• [Directions]: Exact copies of all the lines below are wanted, without a single picture.

• [Data shown]:
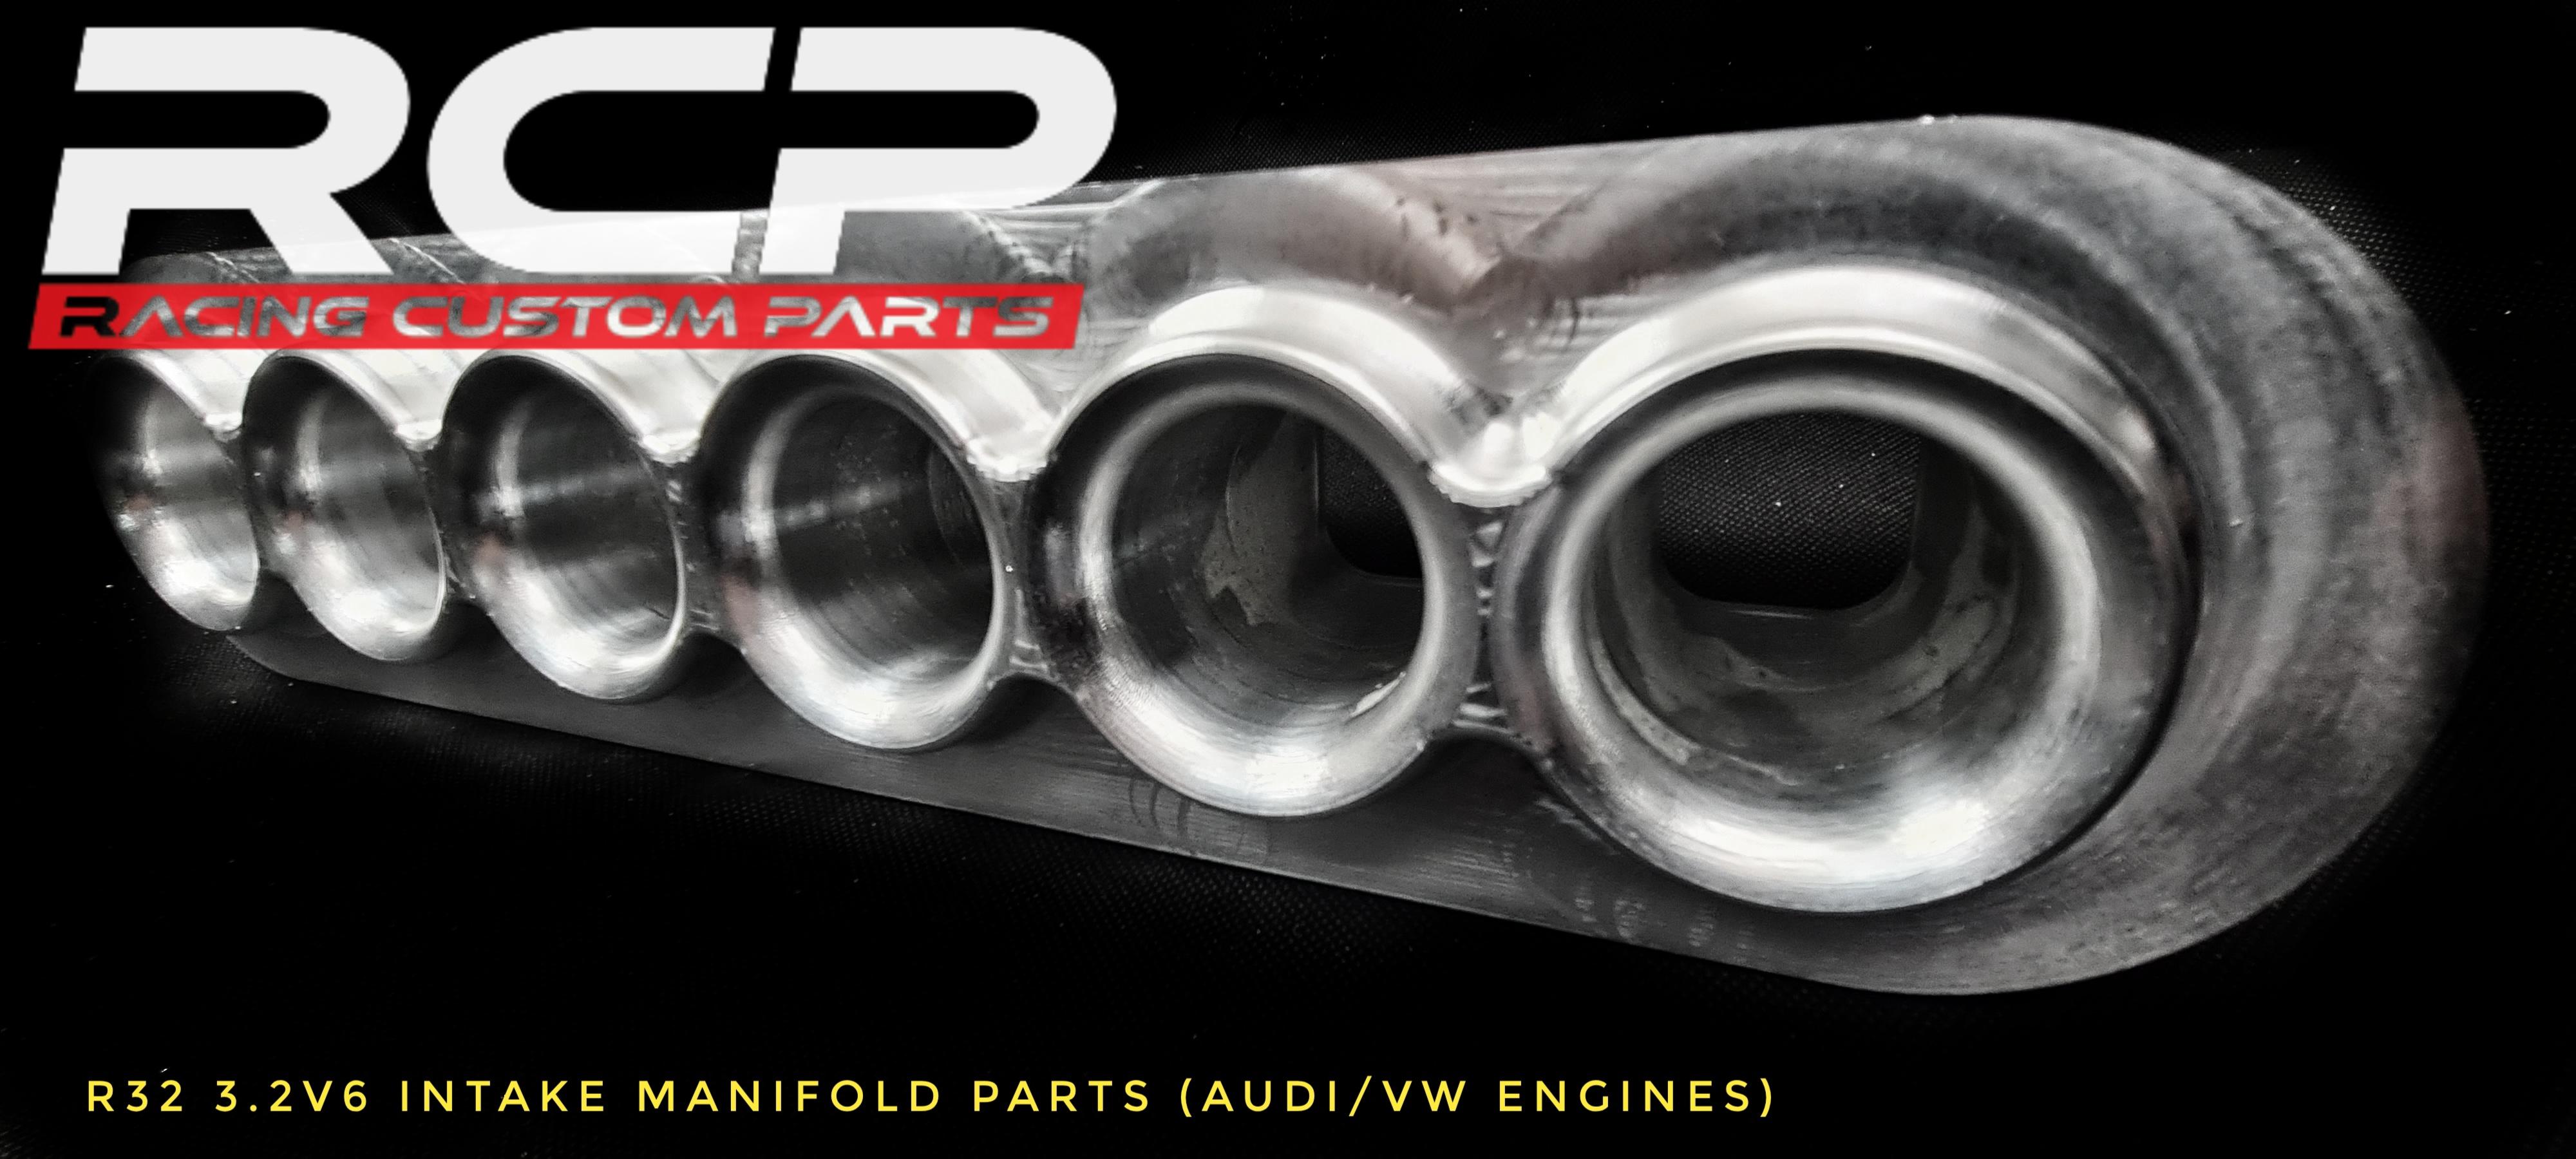 r32 audi vw 3,2v6 engine turbo intake manifold parts welding rcp racing custom parts diy vr6
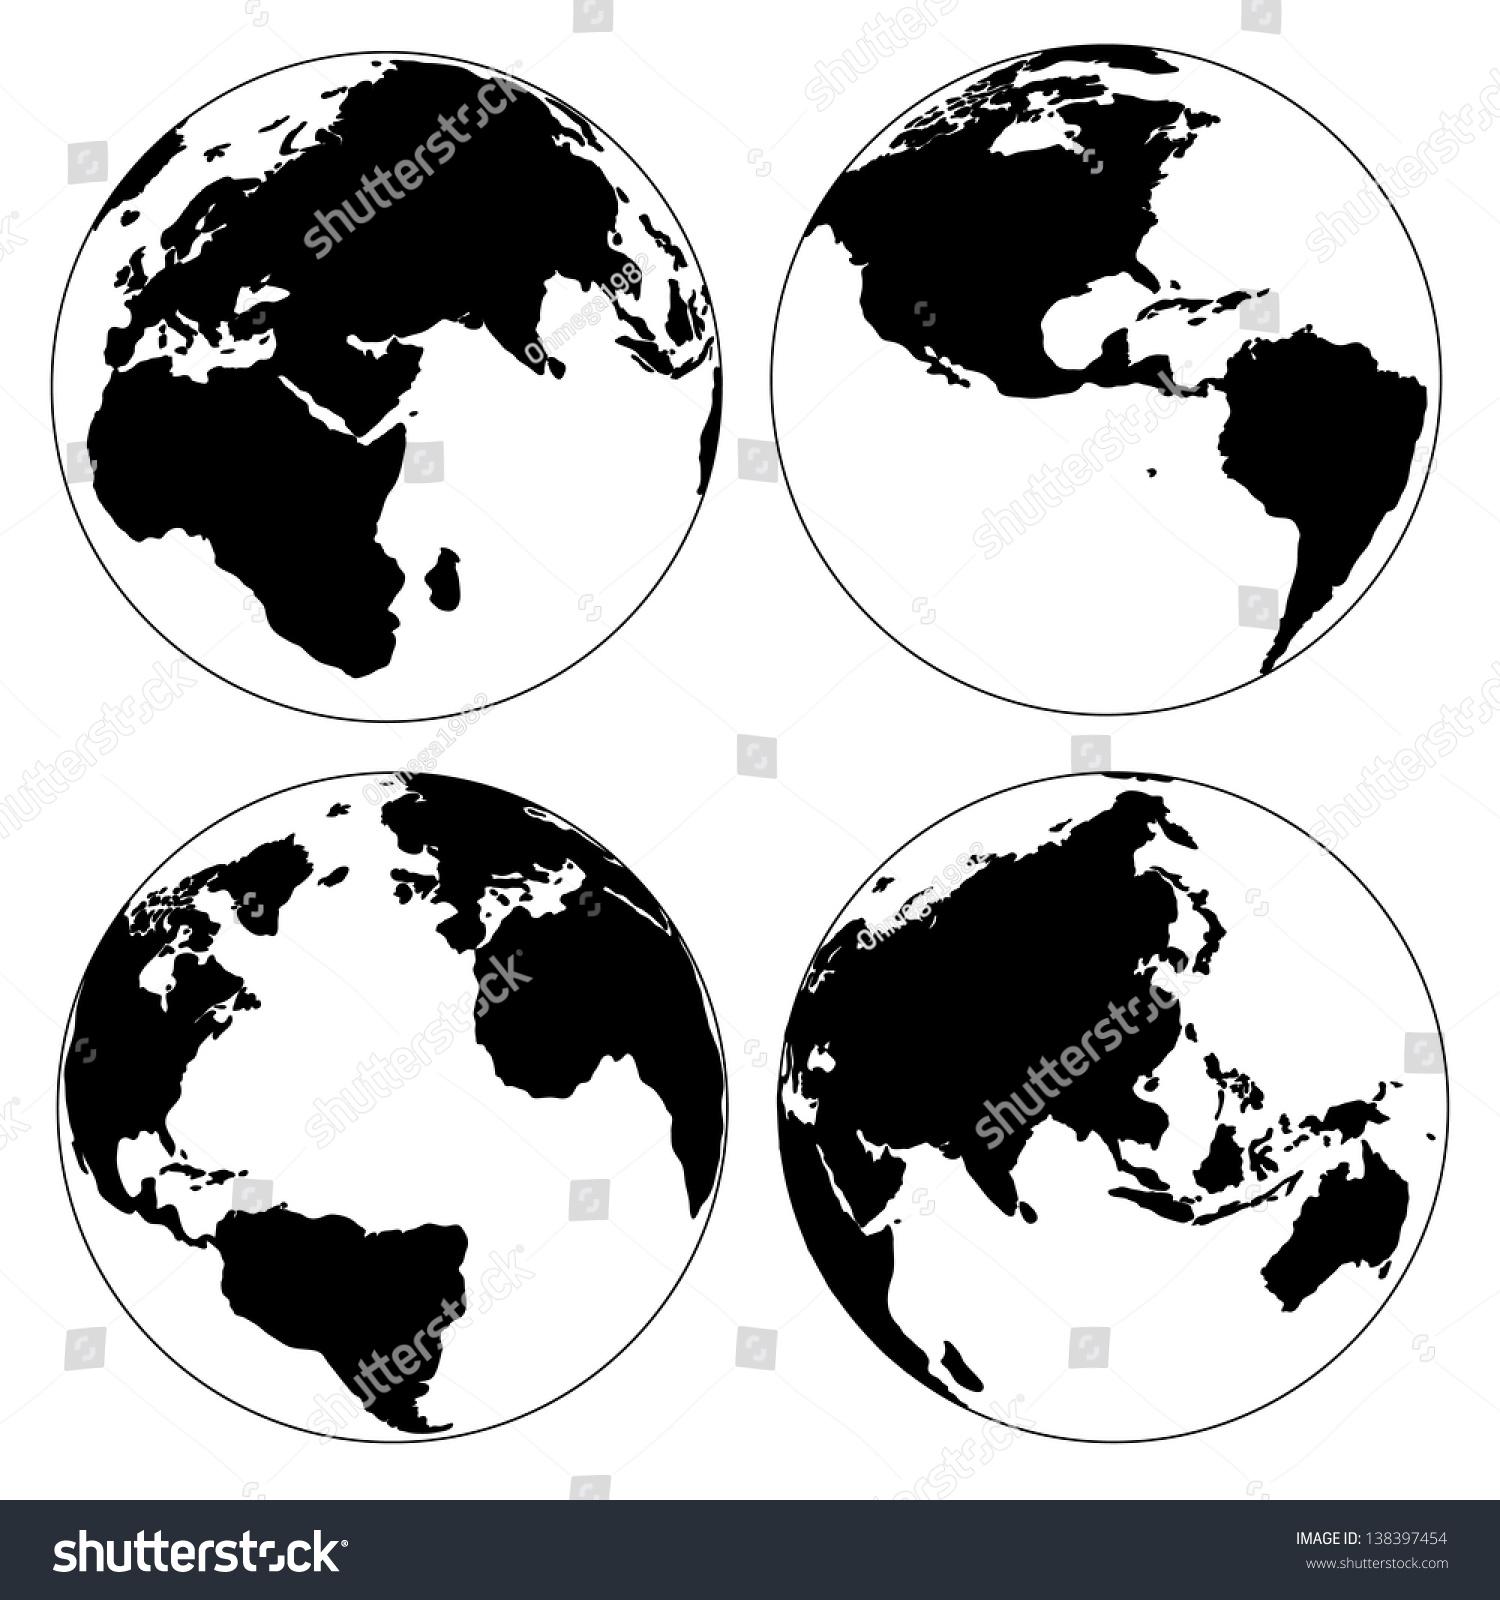 World map globe detail vector illustration vectores en stock world map and globe detail vector illustration eps 10 gumiabroncs Choice Image
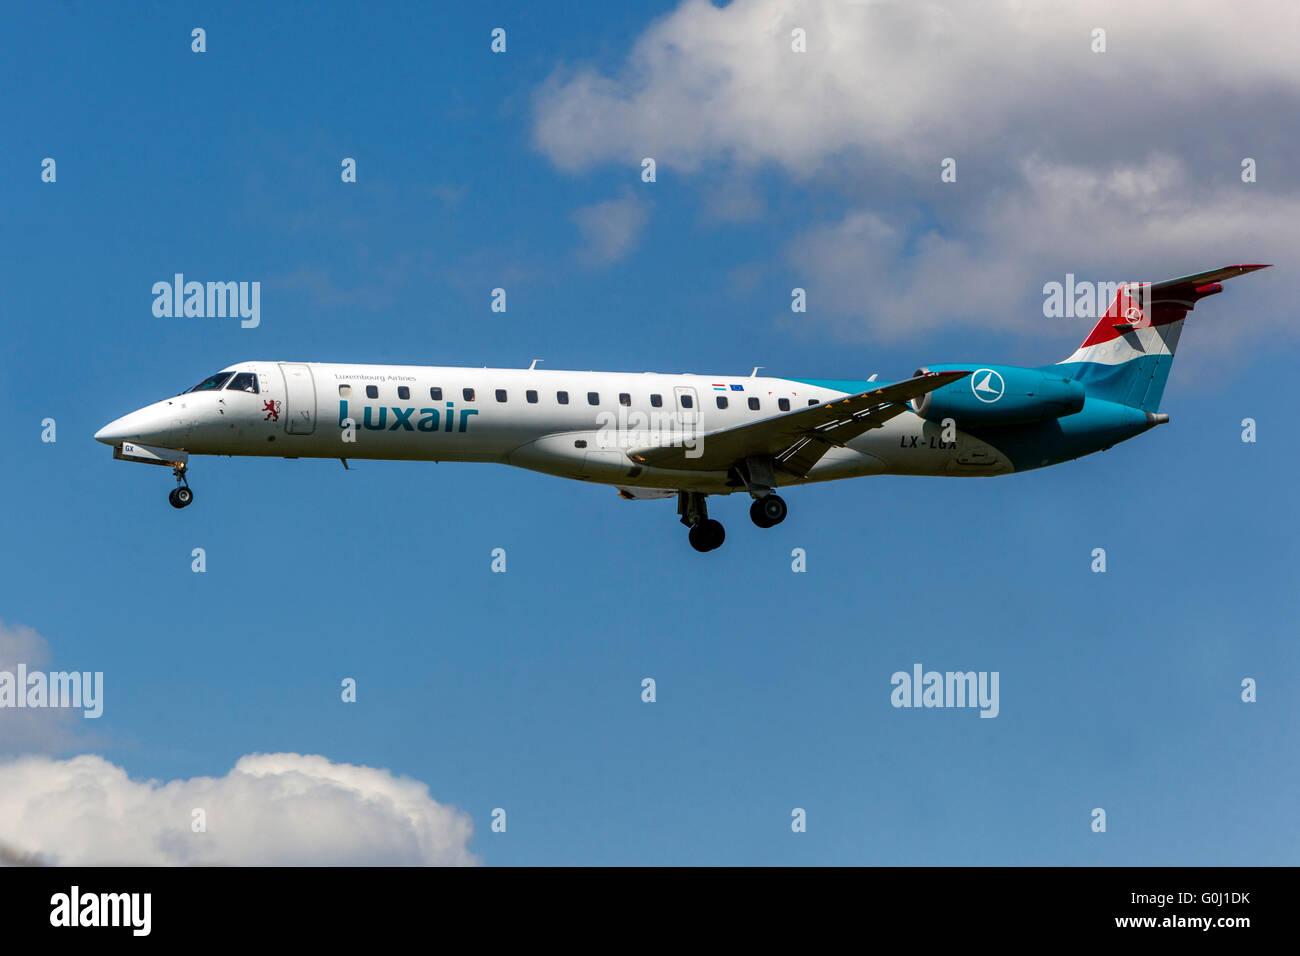 Luxair, Embraer ERJ-145 approaches for landing Prague, Czech Republic - Stock Image
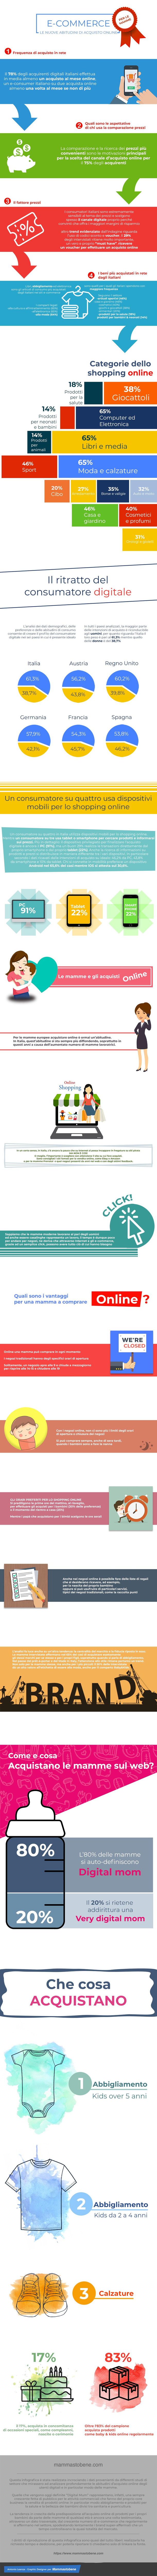 infografica msb

• [Your response]:
 r32 audi vw 3,2v6 engine turbo intake manifold parts welding rcp racing custom parts diy vr6
 World map globe detail vector illustration vectores en stock world map and globe detail vector illustration eps 10 gumiabroncs Choice Image
 Luxair, Embraer ERJ-145 approaches for landing Prague, Czech Republic - Stock Image
 infografica msb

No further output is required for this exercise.